The directory: /workspace/python/python_course has these folders: ['exercise_csv', 'exercise_calculator', 'exercise_json', 'exercise_console', 'data_science', 'materials', 'scripts', 'exercise_job_interview', '__pycache__', 'exercise_quizz', '.ipynb_checkpoints', 'lessons', 'slides'] and these files ['import_modules.ipynb', 'lists&tuples&sets.ipynb', '.~Course.pptx', 'oop-classes.ipynb', 'csv.ipynb', 'debug_example.py', 'json.ipynb', 'my_module.py', 'functions.ipynb', 'conditionals.ipynb', 'strings.ipynb', 'variablescopes.ipynb', 'loops.ipynb', 'decorators.ipynb', 'comprehensions.ipynb', 'myFirstProgram.py', 'databases.ipynb', 'Course.pptx', 'dictionaries.ipynb', 'functions.log', 'insightsPage-example.json', 'variables.ipynb', 'new_example.csv', 'relational.sql', 'virtualenv.ipynb', 'generators_mem_profile.py', 'datatypes_recap.ipynb', 'example.csv', 'integers&floats.ipynb', 'data-analysis-and-feature-extraction-with-python.ipynb', 'noSQL.json', 'exceptions.ipynb']
The directory: /work

#### Managing directories and files

In [31]:
# creating new directories
# the mkdir() method also follows the same absolute/relative path logic.
# if you specify the full path the directory will be created in that location:
os.mkdir('/workspace/python/python_course/lessons/os/my_new_folder')
print(os.listdir('/workspace/python/python_course/lessons/os'))
print()

# if you don't, the directory will be created in the current path, which now is:
#os.mkdir('my_new_folder')
print(os.getcwd())
print()

# if you want to create multiple nested directories at once, just use the makedirs() method:
os.makedirs('/workspace/python/python_course/lessons/os/another_new_folder/and_another/and_another')
print(os.listdir('/workspace/python/python_course/lessons/os'))

['my_new_folder', 'filesystem.ipynb', 'structure.png', 'my_file.txt', 'my_file.txt.bak', 'matches_dataset', 'filesystem.html', '.ipynb_checkpoints']

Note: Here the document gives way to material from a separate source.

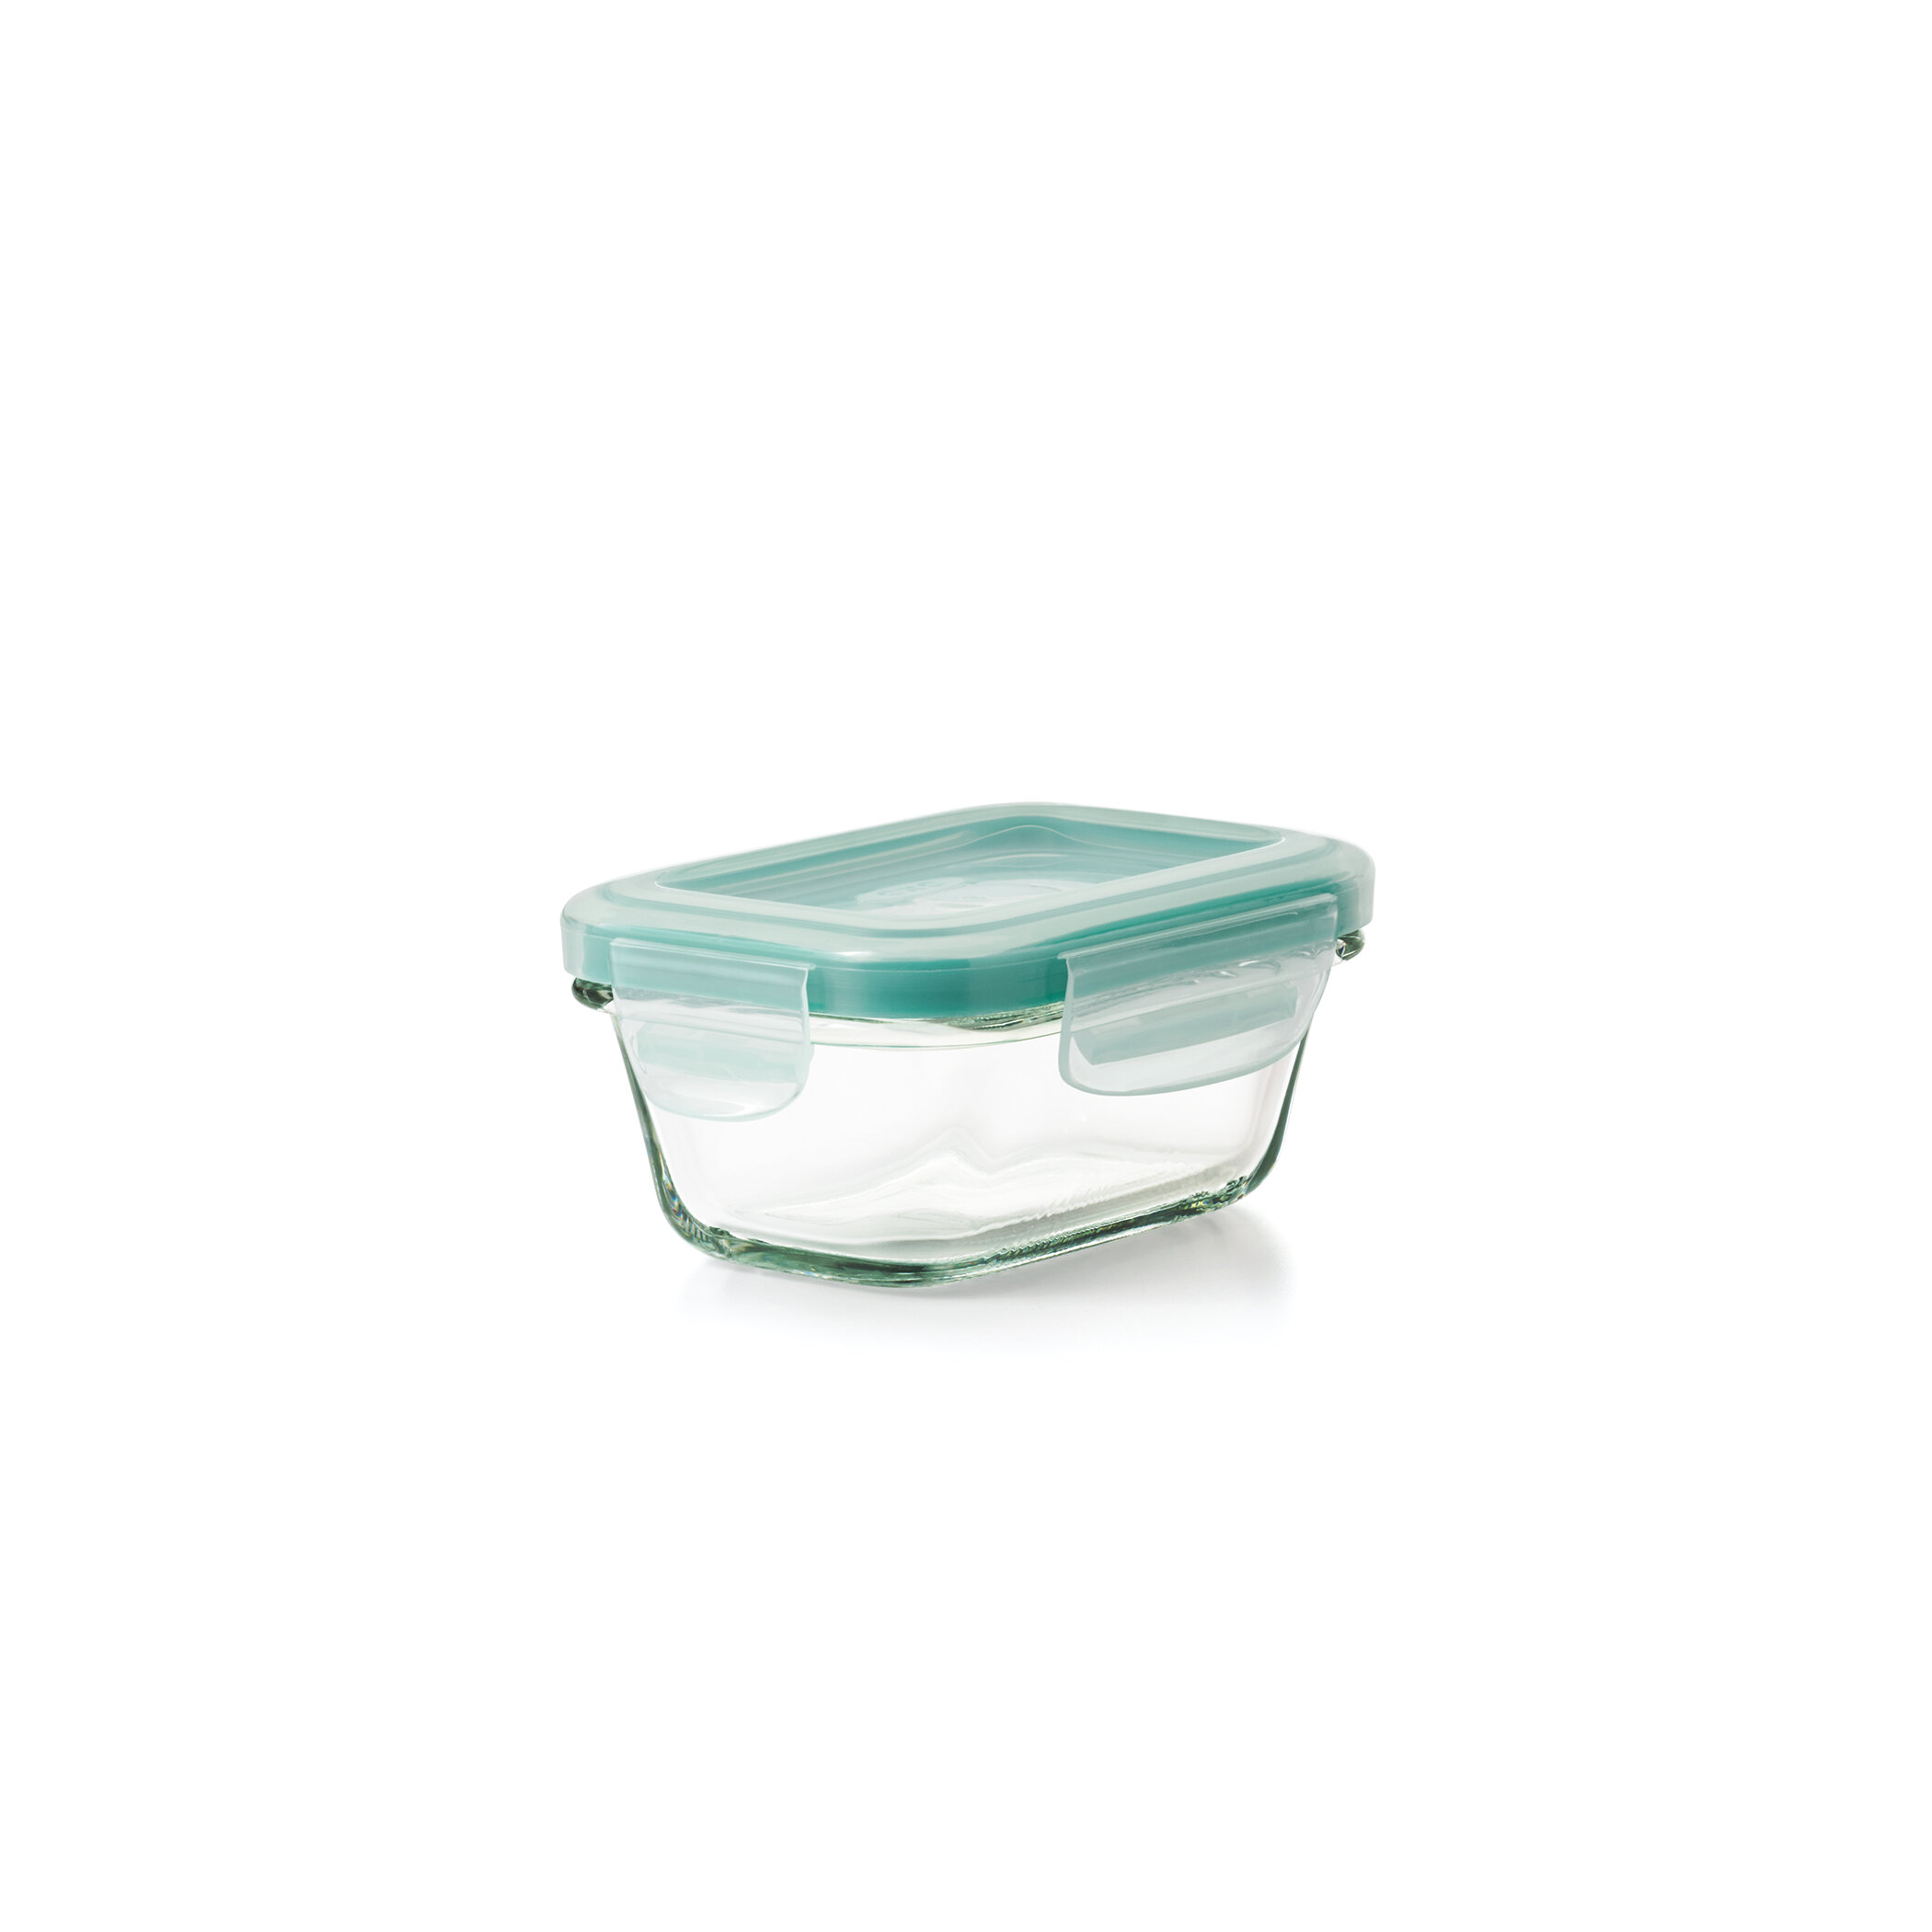 OXO Good Grips Smart Seal 12-piece Glass Food Storage Container Set

/workspace/python/python_course

['my_new_folder', 'filesystem.ipynb', 'structure.png', 'my_file.txt', 'another_new_folder', 'my_file.txt.bak', 'matches_dataset', 'filesystem.html', '.ipynb_checkpoints']


In [32]:
# it's usually a good practice to check if a directory/file exists before trying to create it.
# you can check for it's existence like this:
if not os.path.exists('/workspace/python/python_course/lessons/os/my_new_folder'):
    os.mkdir('/workspace/python/python_course/lessons/os/my_new_folder')
else:
    print('Directory already exists.')

Directory already exists.


In [33]:
# renaming directories or files
# the rename() method also follows the same absolute/relative path logic.
# if you specify the full path the directory/file will be renamed in that location:
os.rename('/workspace/python/python_course/lessons/os/my_new_folder','/workspace/python/python_course/lessons/os/my_new_folder_renamed')
print(os.listdir('/workspace/python/python_course/lessons/os'))
print()

# if you don't, python will search for the directory/file in the current path and rename it, which now is:
#os.rename('my_new_folder', 'my_new_folder_renamed')
print(os.getcwd())

['filesystem.ipynb', 'structure.png', 'my_file.txt', 'another_new_folder', 'my_file.txt.bak', 'matches_dataset', 'filesystem.html', 'my_new_folder_renamed', '.ipynb_checkpoints']

/workspace/python/python_course


In [34]:
# removing empty directories
# the rmdir() method also follows the same absolute/relative path logic.
# if you specify the full path the directory will be removed from that location:
os.rmdir('/workspace/python/python_course/lessons/os/my_new_folder_renamed')
print(os.listdir('/workspace/python/python_course/lessons/os'))
print()

# if you don't, python will remove the directory from the current path, which now is:
#os.rmdir('my_new_folder_renamed')
print(os.getcwd())

['filesystem.ipynb', 'structure.png', 'my_file.txt', 'another_new_folder', 'my_file.txt.bak', 'matches_dataset', 'filesystem.html', '.ipynb_checkpoints']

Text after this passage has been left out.